▶ Exercise instructions
Retype, word for word, every line from the one holding "Vaaleahiuksinen nainen kävelemässä" through the one holding "Pakistani choker - Champagne" in the entries below, both included, and only those lines.

▶ Data extract

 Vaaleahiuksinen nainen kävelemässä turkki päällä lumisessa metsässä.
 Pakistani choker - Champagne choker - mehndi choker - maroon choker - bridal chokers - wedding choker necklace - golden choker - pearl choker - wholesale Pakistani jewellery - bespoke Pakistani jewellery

...

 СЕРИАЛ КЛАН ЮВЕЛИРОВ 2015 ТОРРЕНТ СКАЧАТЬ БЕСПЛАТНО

▶ Task answer
 Vaaleahiuksinen nainen kävelemässä turkki päällä lumisessa metsässä.
 Pakistani choker - Champagne choker - mehndi choker - maroon choker - bridal chokers - wedding choker necklace - golden choker - pearl choker - wholesale Pakistani jewellery - bespoke Pakistani jewellery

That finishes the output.